Please give the whole listing again word for word, and drop any pictures it holds.

Collected material:
────────
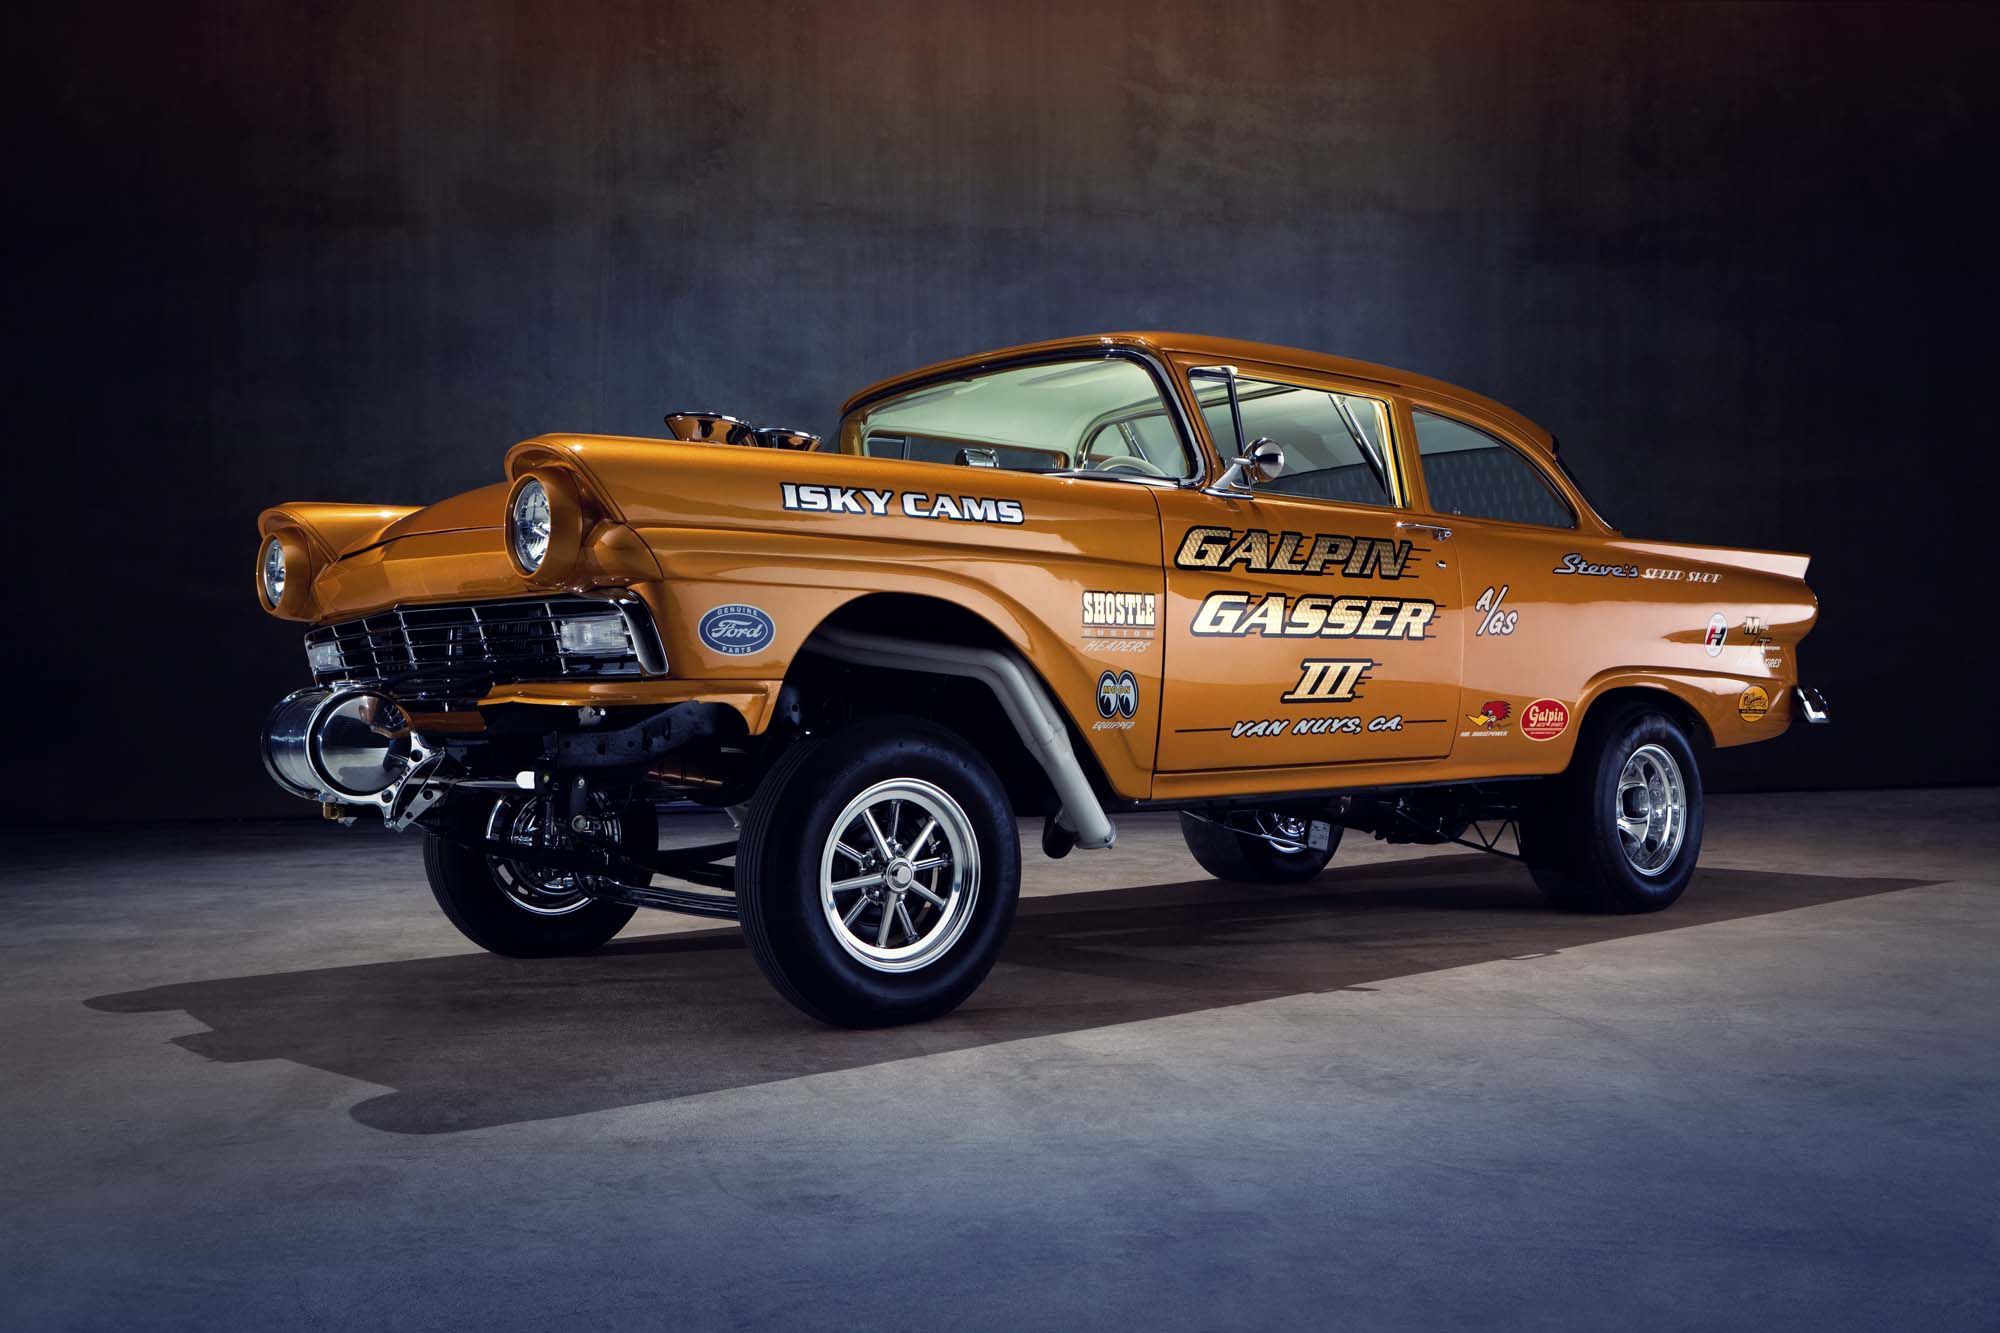 Gasser wallpapers, Vehicles, HQ Gasser pictures.
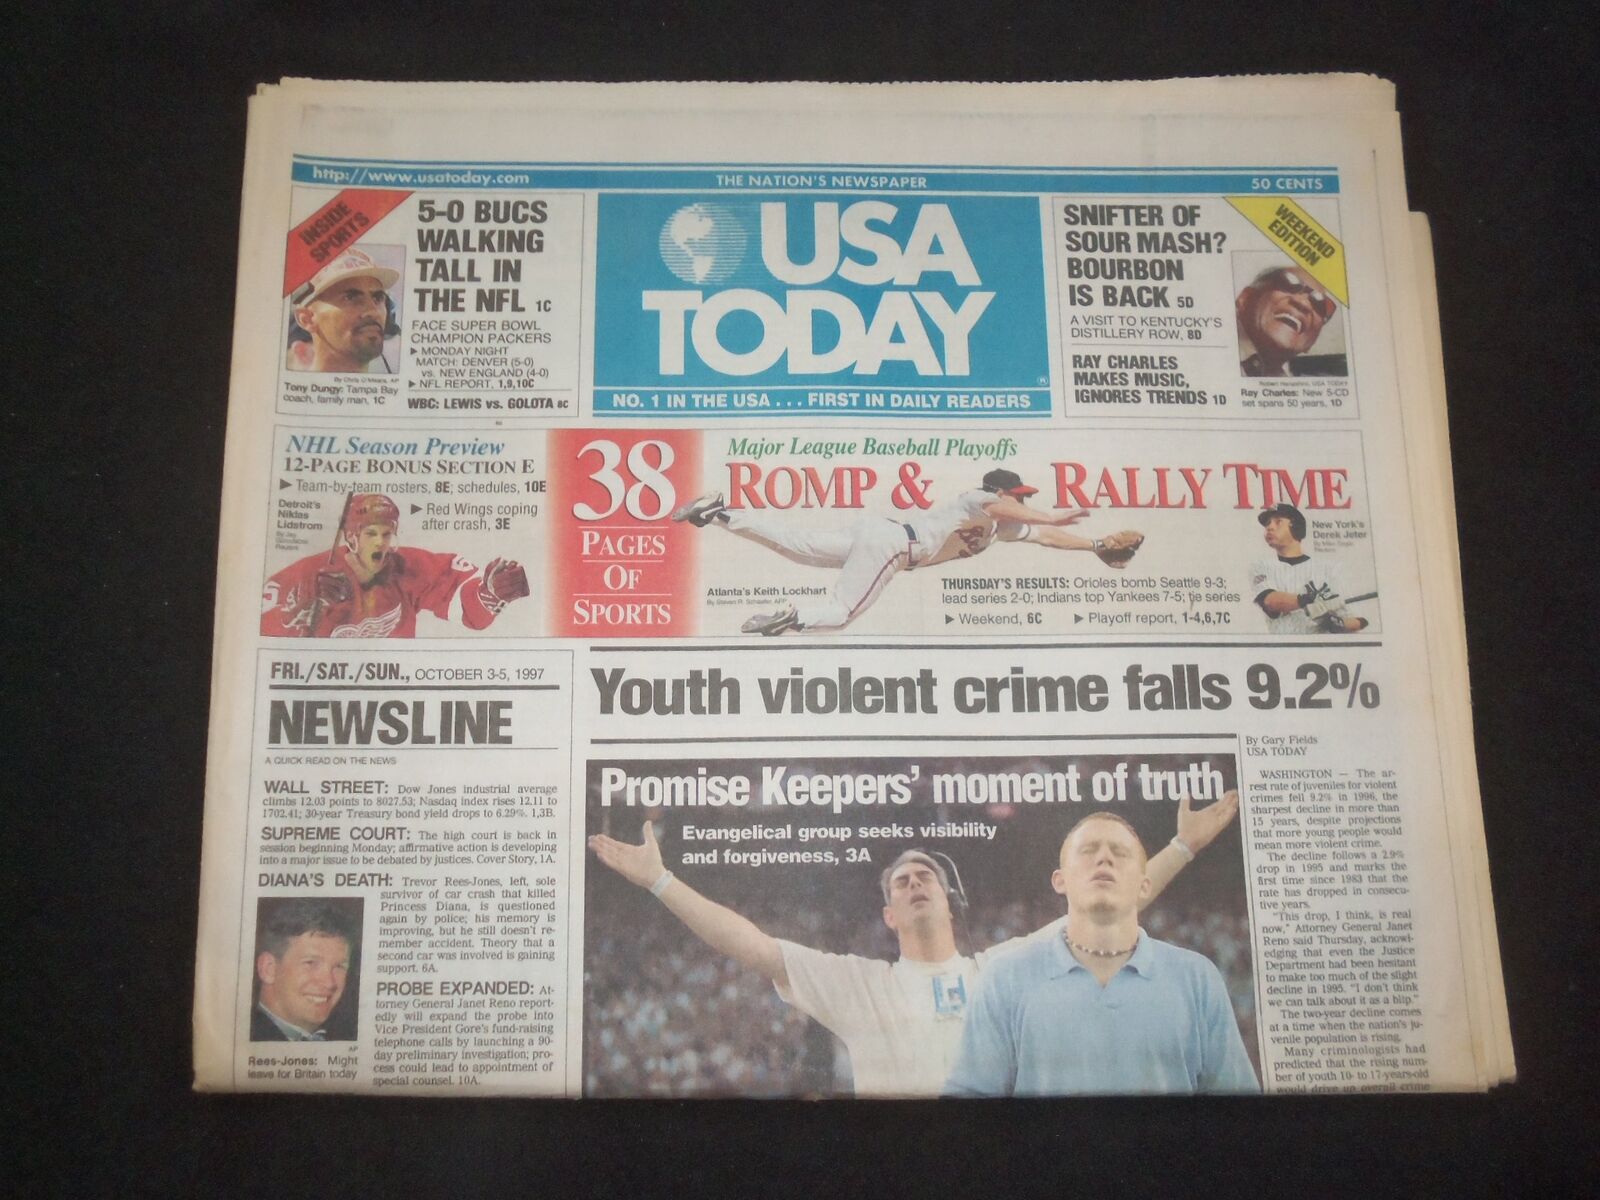 1997 OCTOBER 3-5 USA TODAY NEWSPAPER - YOUTH VIOLENT CRIME FALLS 9.2% - NP 7878
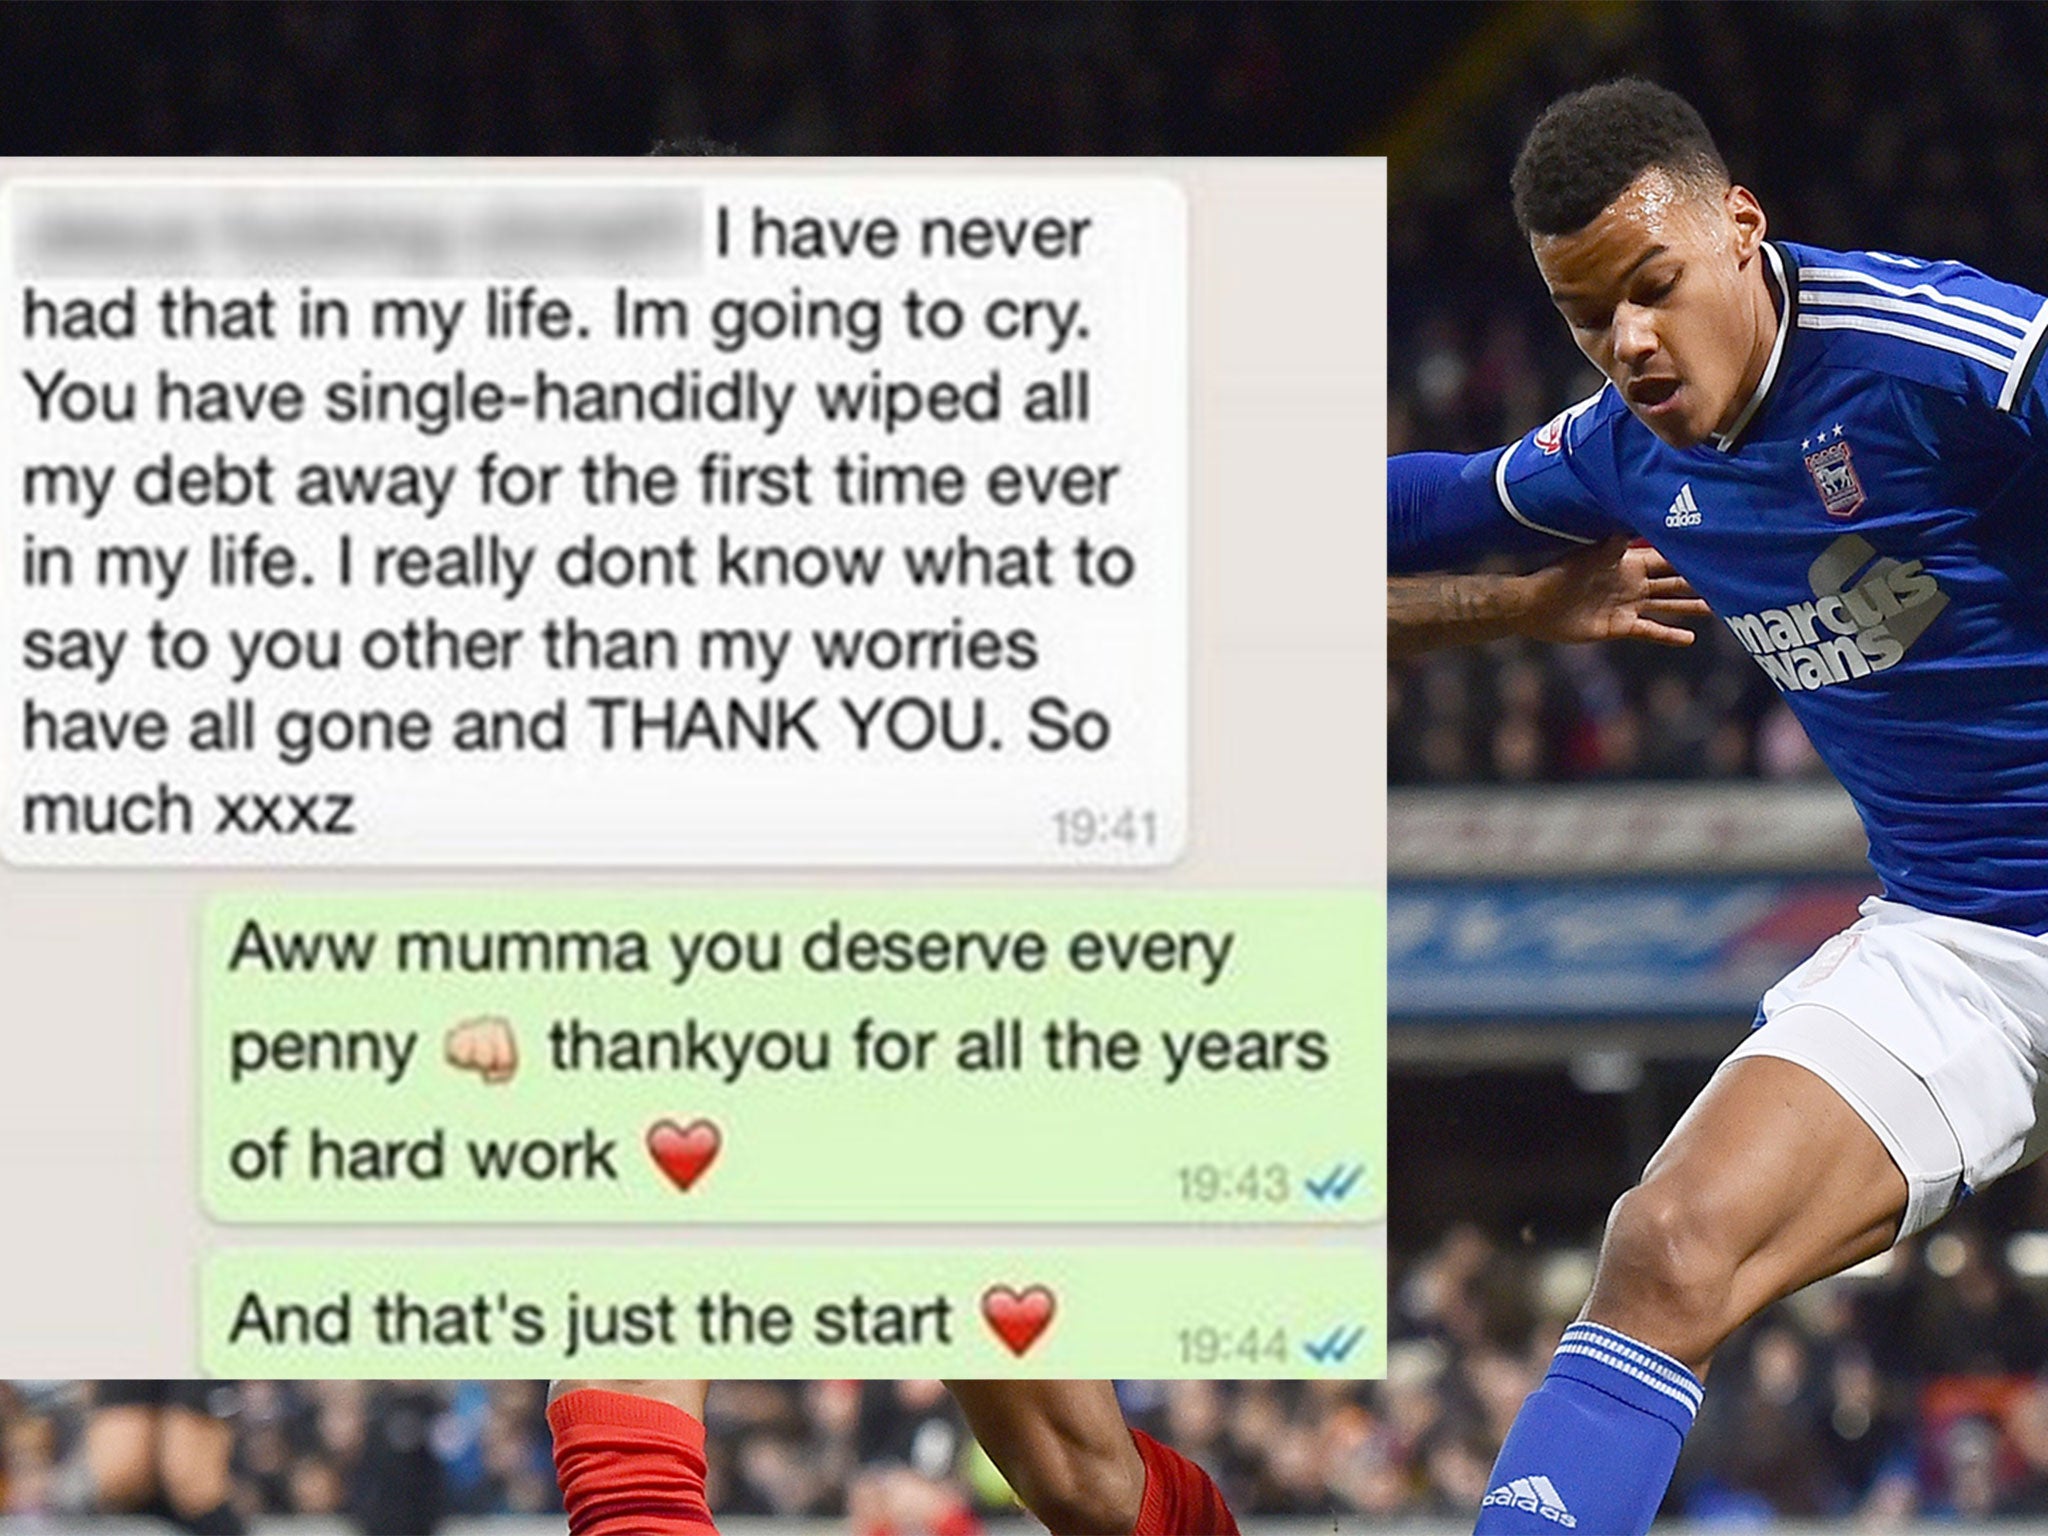 Tyrone Mings (right) and the message exchange with his mother he published on Instagram
────────
Response area:
 Gasser wallpapers, Vehicles, HQ Gasser pictures.
 1997 OCTOBER 3-5 USA TODAY NEWSPAPER - YOUTH VIOLENT CRIME FALLS 9.2% - NP 7878
 Tyrone Mings (right) and the message exchange with his mother he published on Instagram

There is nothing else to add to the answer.